Methodological Developments

Underpinning our medical and biological work is the development of new methodologies for statistics, mathematics, and computer science. The examples below are illustrative of the type of high impact work we undertake in developing new methodologies.

Data Analysis

One of the most fundamental issues is to extract meaning from complex biological data. Work in the Zeeman Institute has pioneered multiple areas including:
Quantitative image analysis which has lead to the development of three open-source software packages: QuimP for correlating cortical cell fluorescence with membrane movements; LineageTracker a multi feature cell tracker; and CellTracker which is specifically dedicated to measuring periodic nuclear-cytoplasmic translocations of transcription factors.
Bioinformatics, in particular in the application of Bayesian statistical machine learning techniques to problems in systems biology, functional genomics and proteomics. This work uses genome sequences and other forms of high-throughput data to understand fundamental biological processes, but the wealth of data generated requires the development of sophisticated mathematical and computational tools.
Biological and Epidemiological data is often confounded by noise and biases in detection; bespoke statistical techniques are often required to extract the underlying signals.

Machine Learning

Machine Learning is an example of a statistical method that aims to extract an informative signal from complex (high-dimensional) and often noisey data. We have used this technique in three main settings.
Early cancer detection is essentially a prediction task, on the basis of the available data. We are involved in a project to develop a universal blood test for cancer, by integrating hundreds of different kinds of blood-based cancer biomarkers using machine learning algorithms.
Electronic noses are devices which can measure a profile of volatile organic compounds (VOCs), which are produced by the body and vary in response to disease, thus giving a distinctive 'smell' that characterises that disease. The data are highly complex, and we are working to develop better ways to extract the structure, leading to improved ability to correctly diagnose the presence or absence of a given disease.
Data integration is a key task in modern medical research, due to the increasing ease with which multiple modalities can be measured.

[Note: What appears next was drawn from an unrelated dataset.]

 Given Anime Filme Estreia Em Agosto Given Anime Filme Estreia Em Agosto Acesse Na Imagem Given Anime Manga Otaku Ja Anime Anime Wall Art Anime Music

We have for a number of years now been developing methods which provide a principled statistical framework for integrating highly heterogeneous data sources.

Model Development

Mathematical models allow us to translate biological knowledge at one scale and predict the behaviour at another. For example the behaviour of neurons (or networks of neurons) from the underlying bio-physics, or the population level spread of infection from the behaviour of infected individuals. As such models for a key aspect of all work within the Zeeman Institute, and highlight our ethos of blending biological knowledge with cutting-edge mathematics

Simulation models provide a robust and accurate method of making realistic predictions about future events. The aim is to use all available current data to provide accuate forecasts, often to inform policy. Many of the simulation models developed in the Zeeman Institute are spatial, such as those that describe the spread of infection through human and animal populations.

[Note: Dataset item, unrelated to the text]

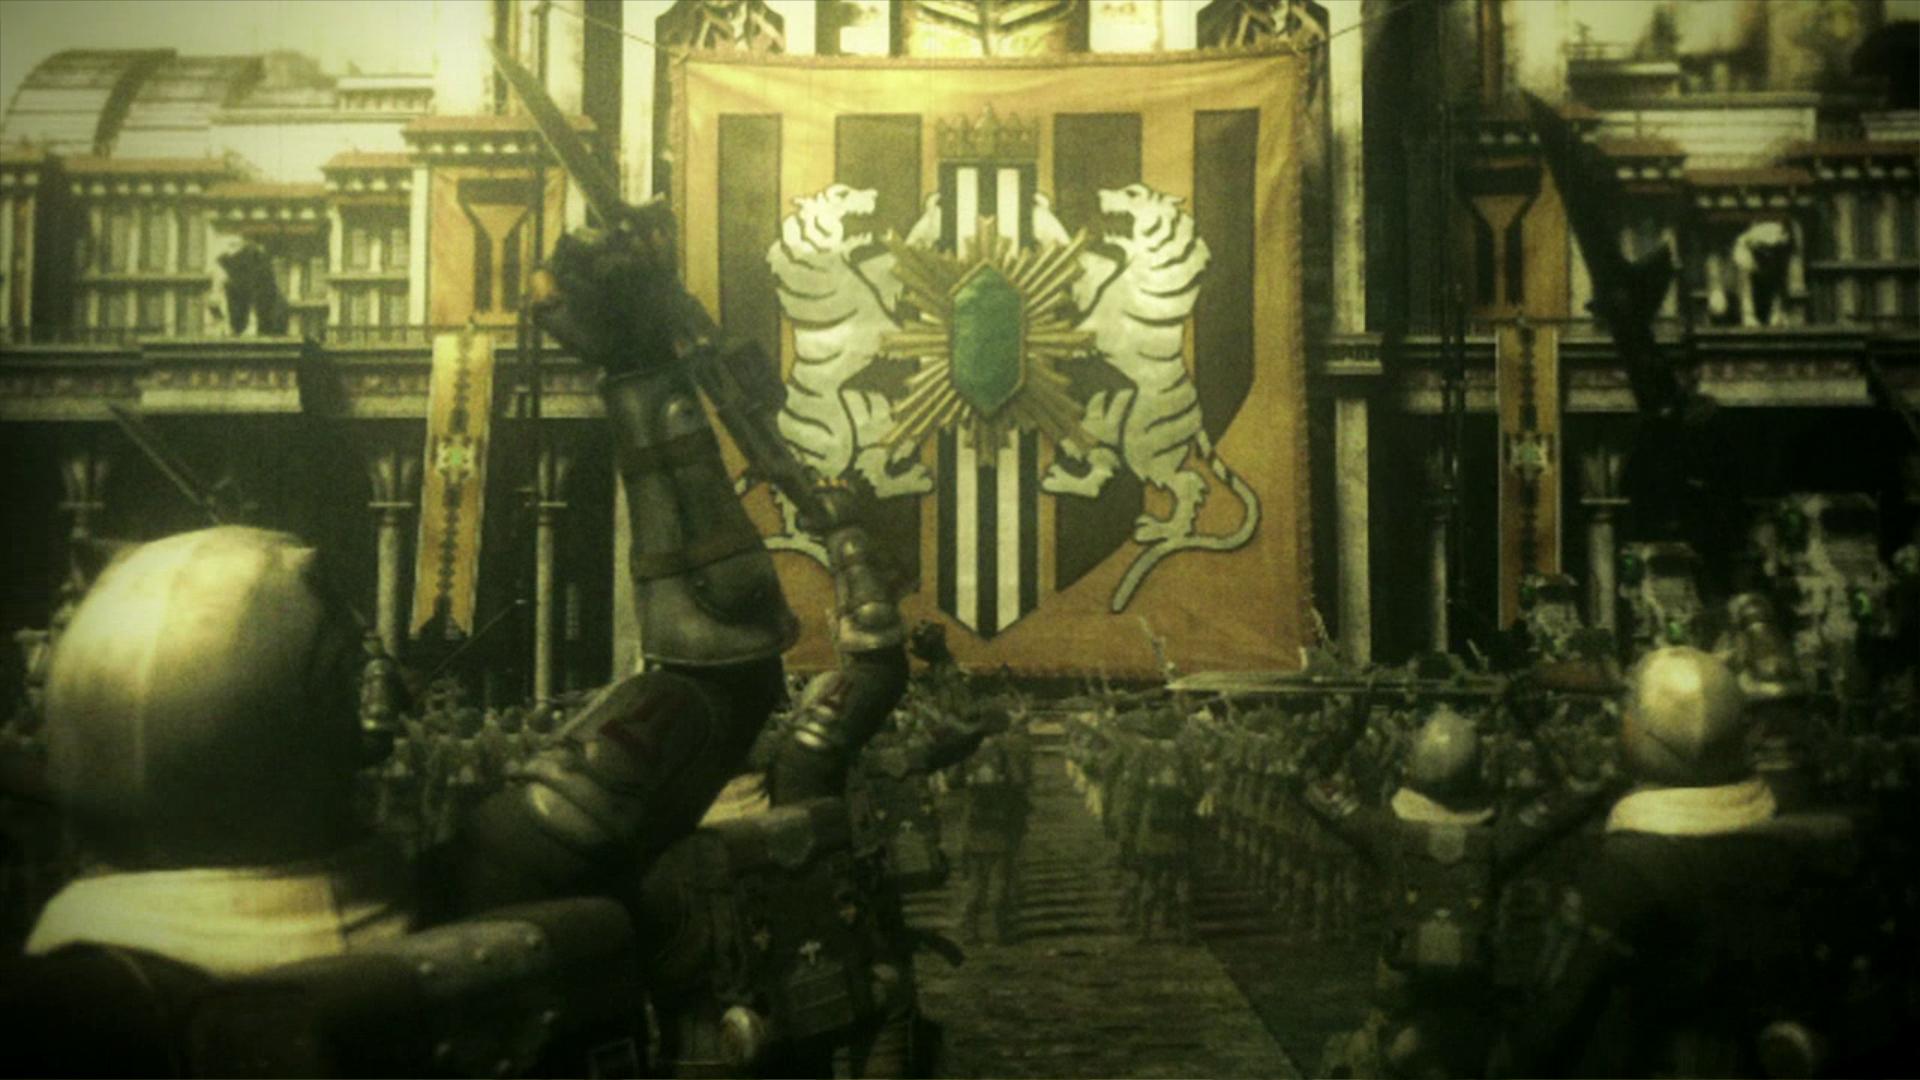 Final Fantasy Type-0 story

Bespoke approximations allow us to understand the dynamics of biological processes using simple models that capture the fundamental processes, but still allow some level of analytical understanding. As an example, researchers in the Zeeman Institute are known for their work of network approximations, which capture the effects of network structure through simple equations.

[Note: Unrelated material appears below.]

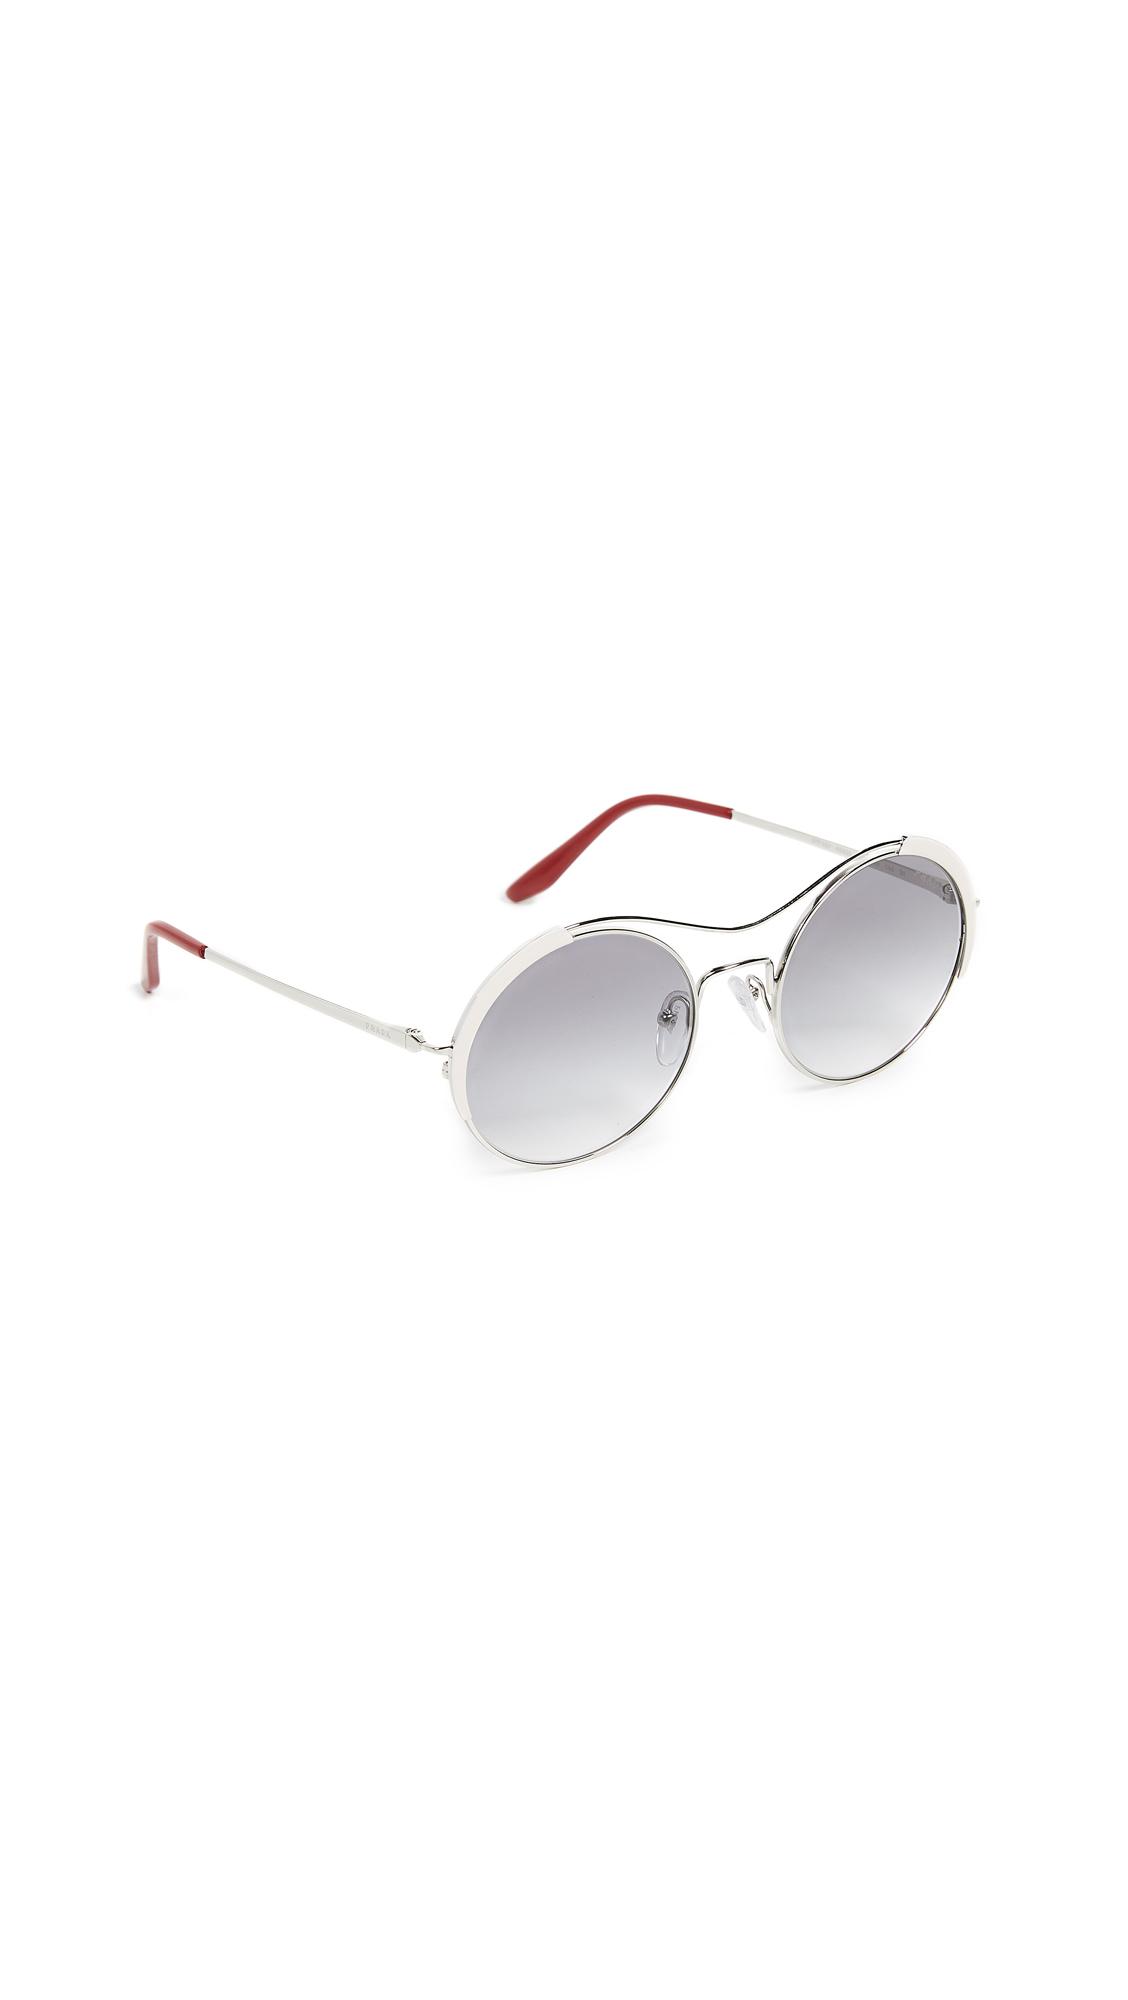 684b405de591 Prada PR 55VS Round Aviators Sunglasses

See the Modelling section for more details.

Matching Models and Data

It is often said that "models are only as good as the data that supports them"; and this is a view that is echoed in all of the work at the Zeeman Institute. Much of our research involves the matching of complex models to complex data. In particular, we often use sophisticated Bayesian (MCMC) techniques to infer parameter values for our models. We are also interested in how parameter sensitivity translates into qualitative changes in model behaviour, espeically in relation to policy predictions.

See the Inference section for more details.